>>>>

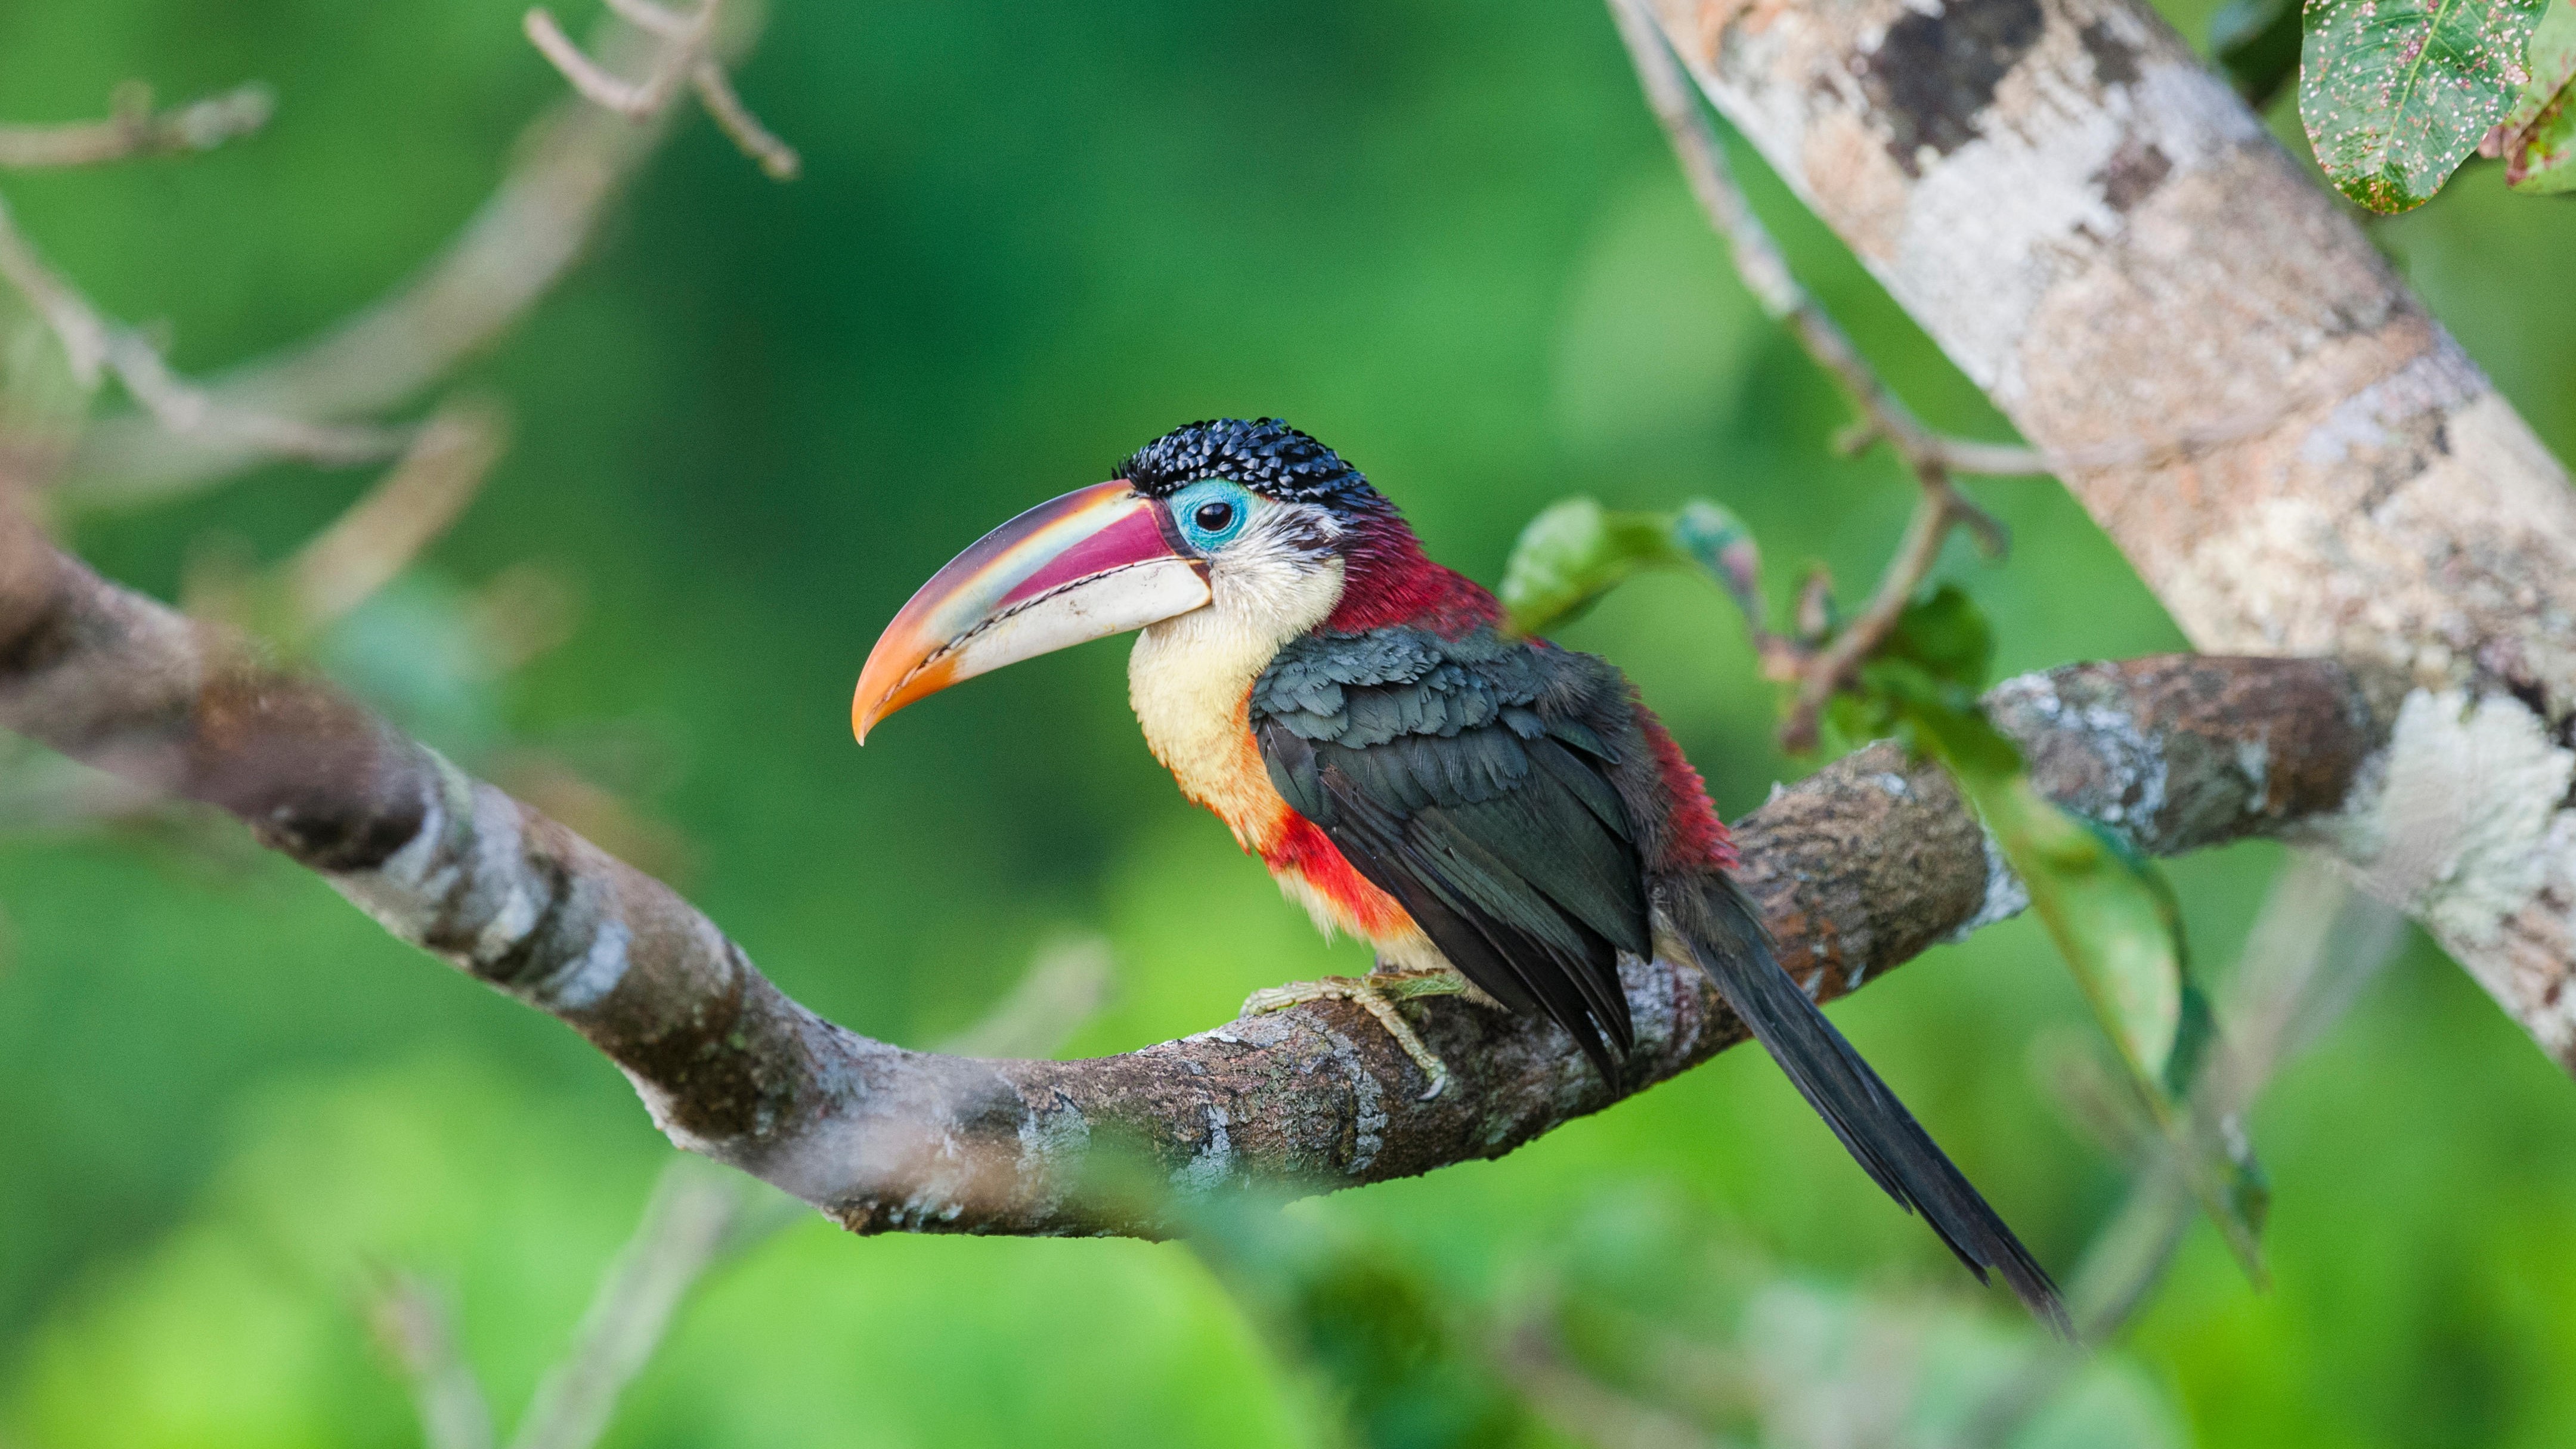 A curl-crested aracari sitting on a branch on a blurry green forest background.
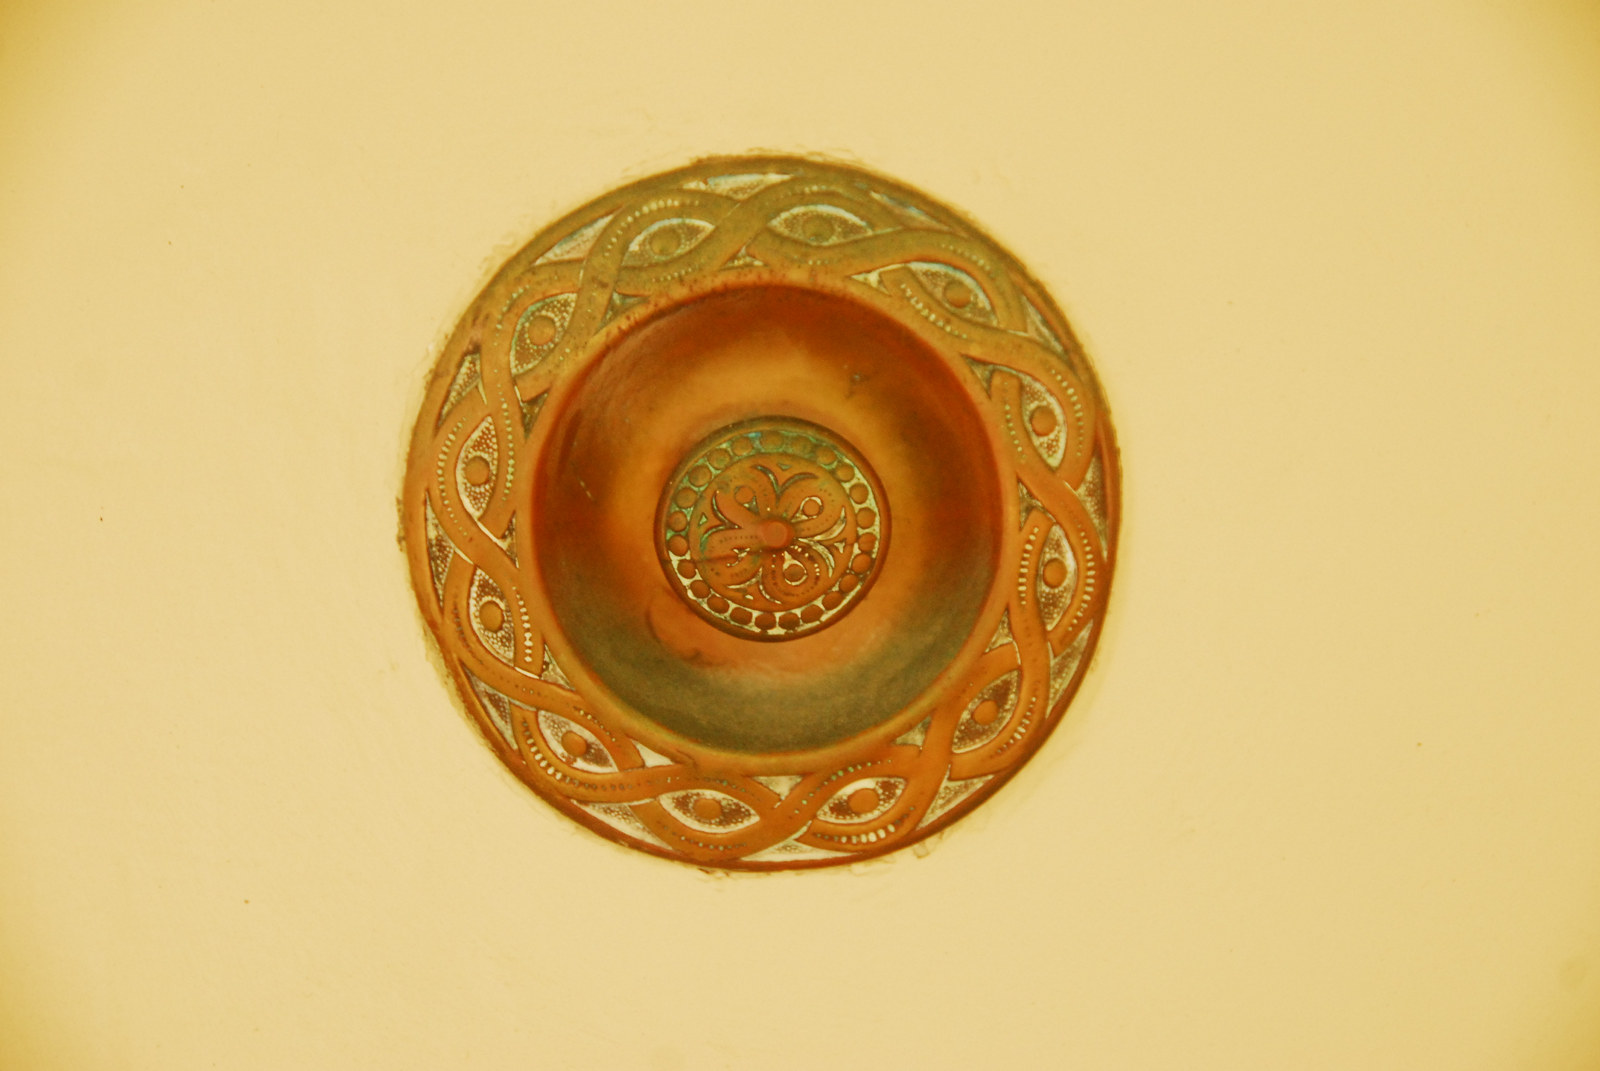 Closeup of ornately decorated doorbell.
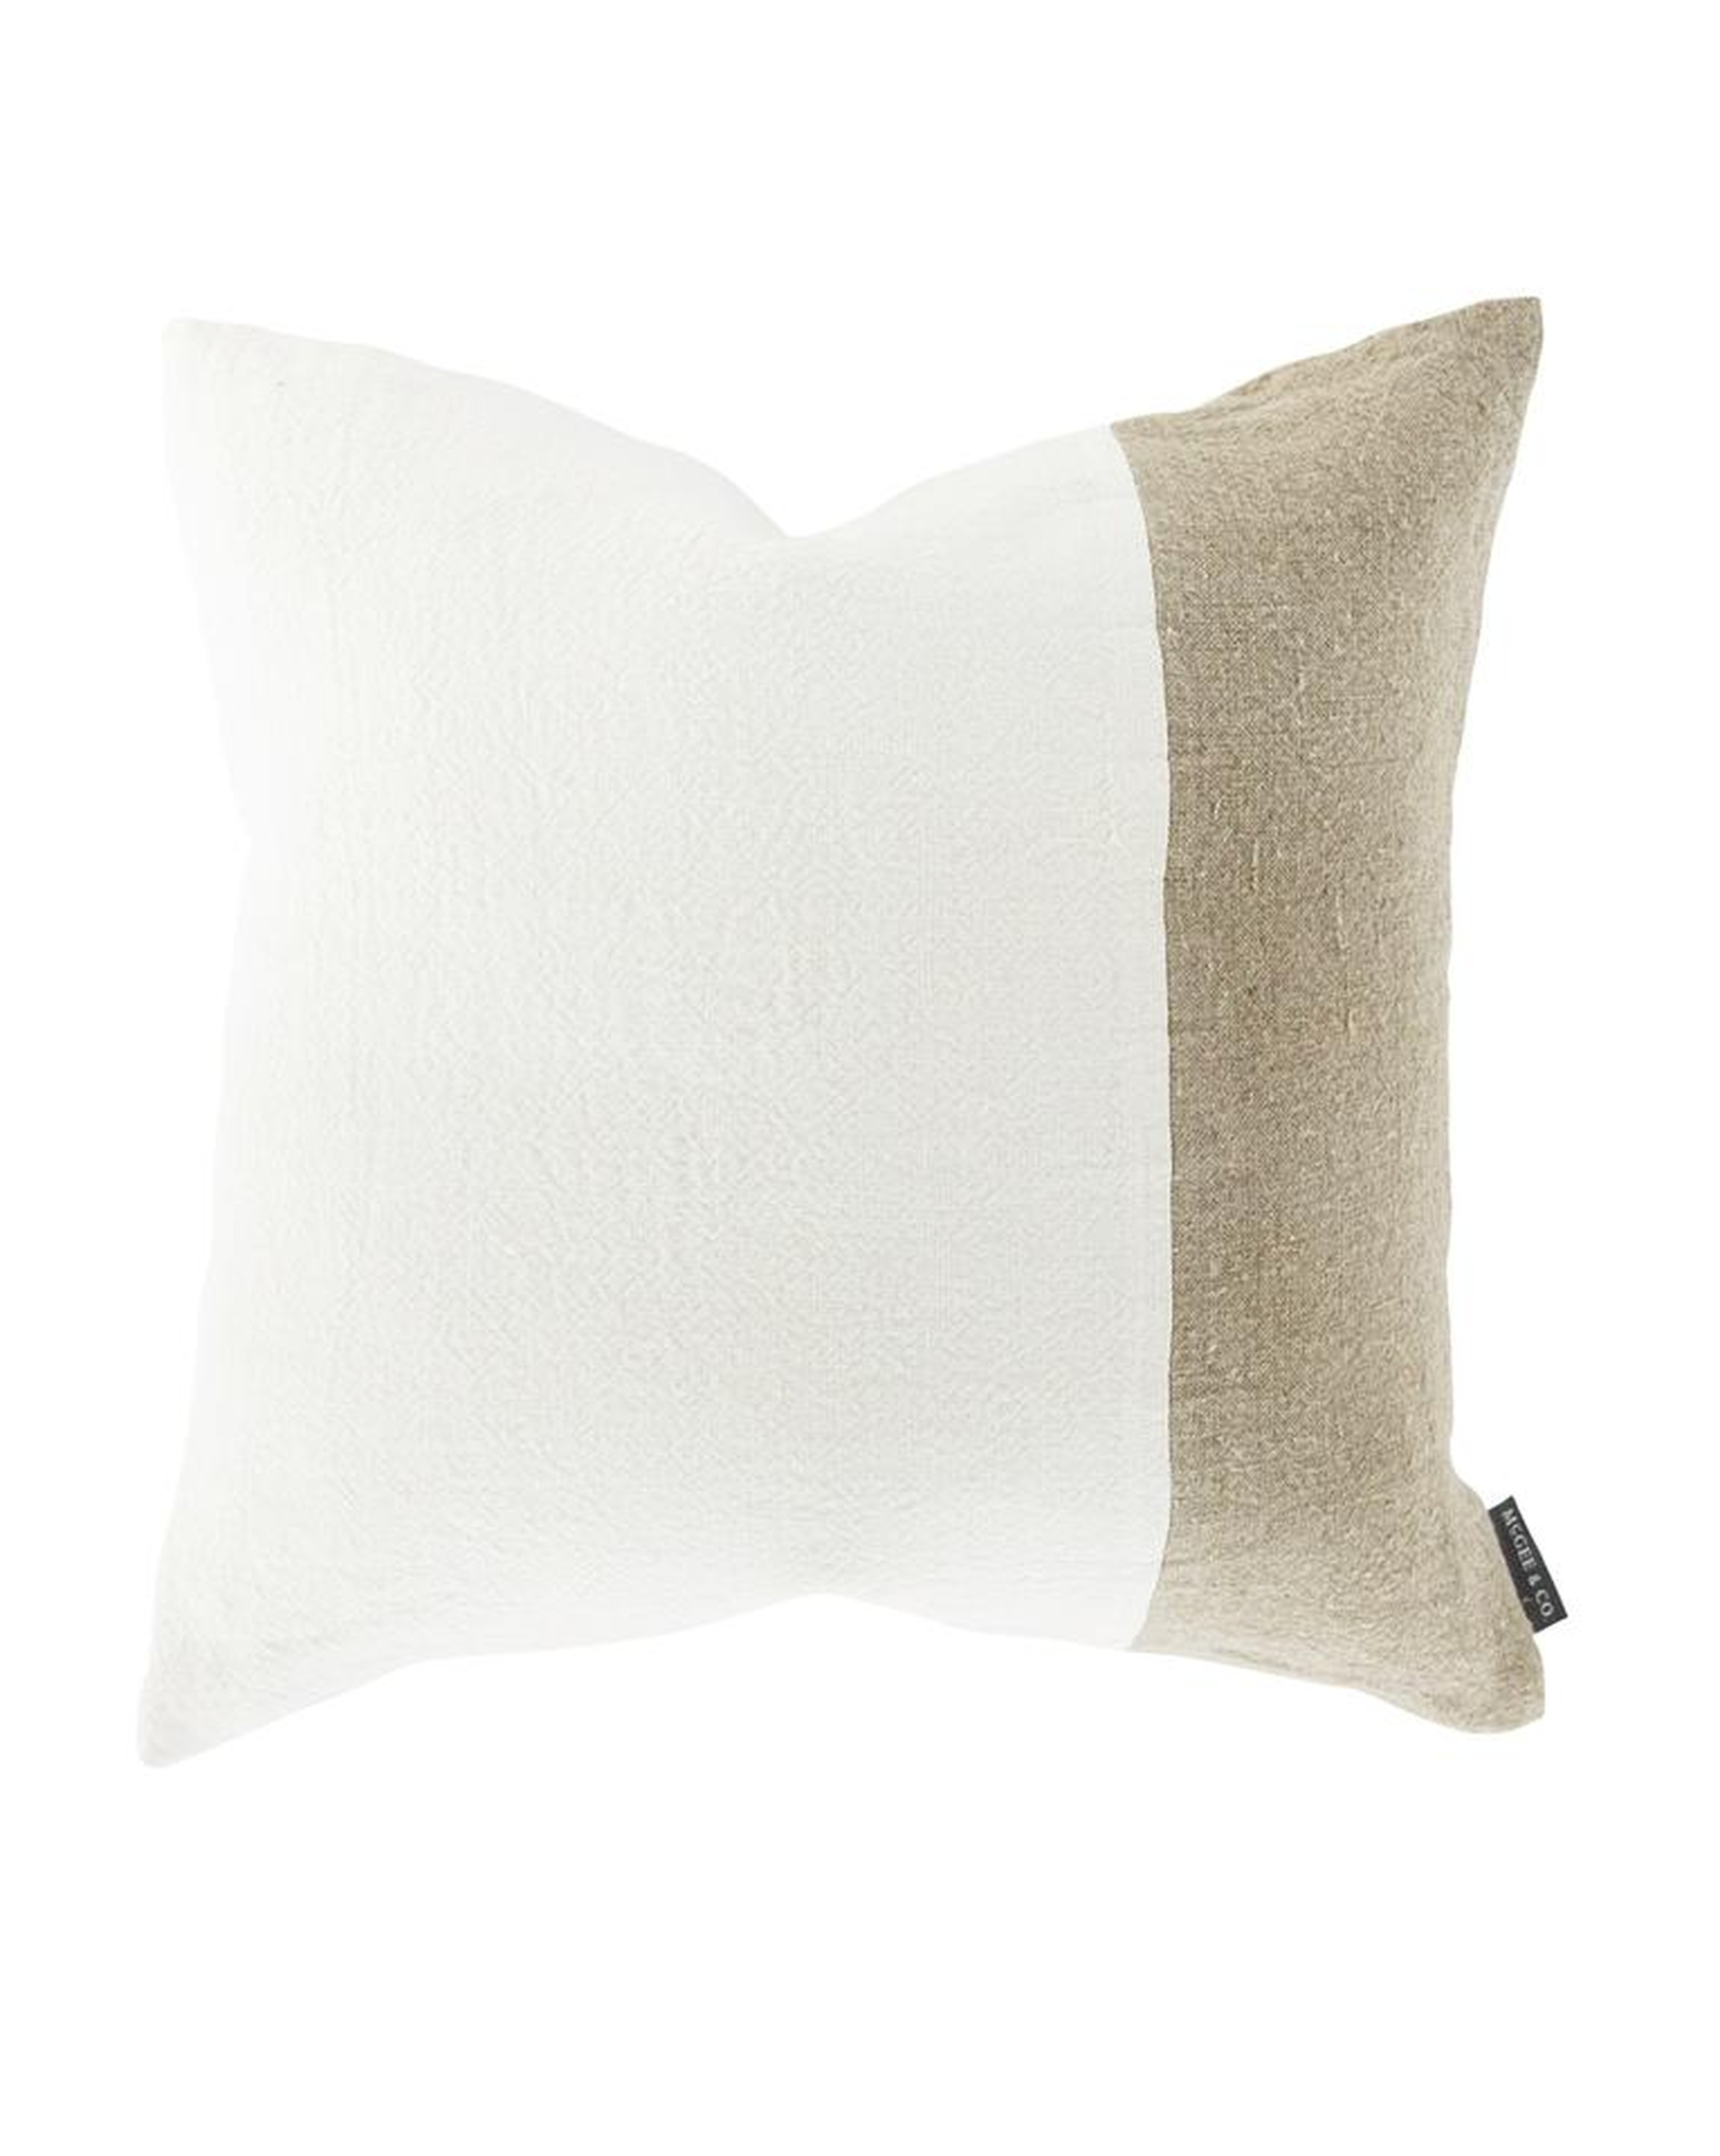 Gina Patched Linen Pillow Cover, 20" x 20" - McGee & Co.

<<<<

**WHAT THIS TASK INVOLVES**
Could you reproduce all of the material exactly? Keep the pictures out of it.

**WRITTEN SOLUTION**
 A curl-crested aracari sitting on a branch on a blurry green forest background.
 Closeup of ornately decorated doorbell.
 Gina Patched Linen Pillow Cover, 20" x 20" - McGee & Co.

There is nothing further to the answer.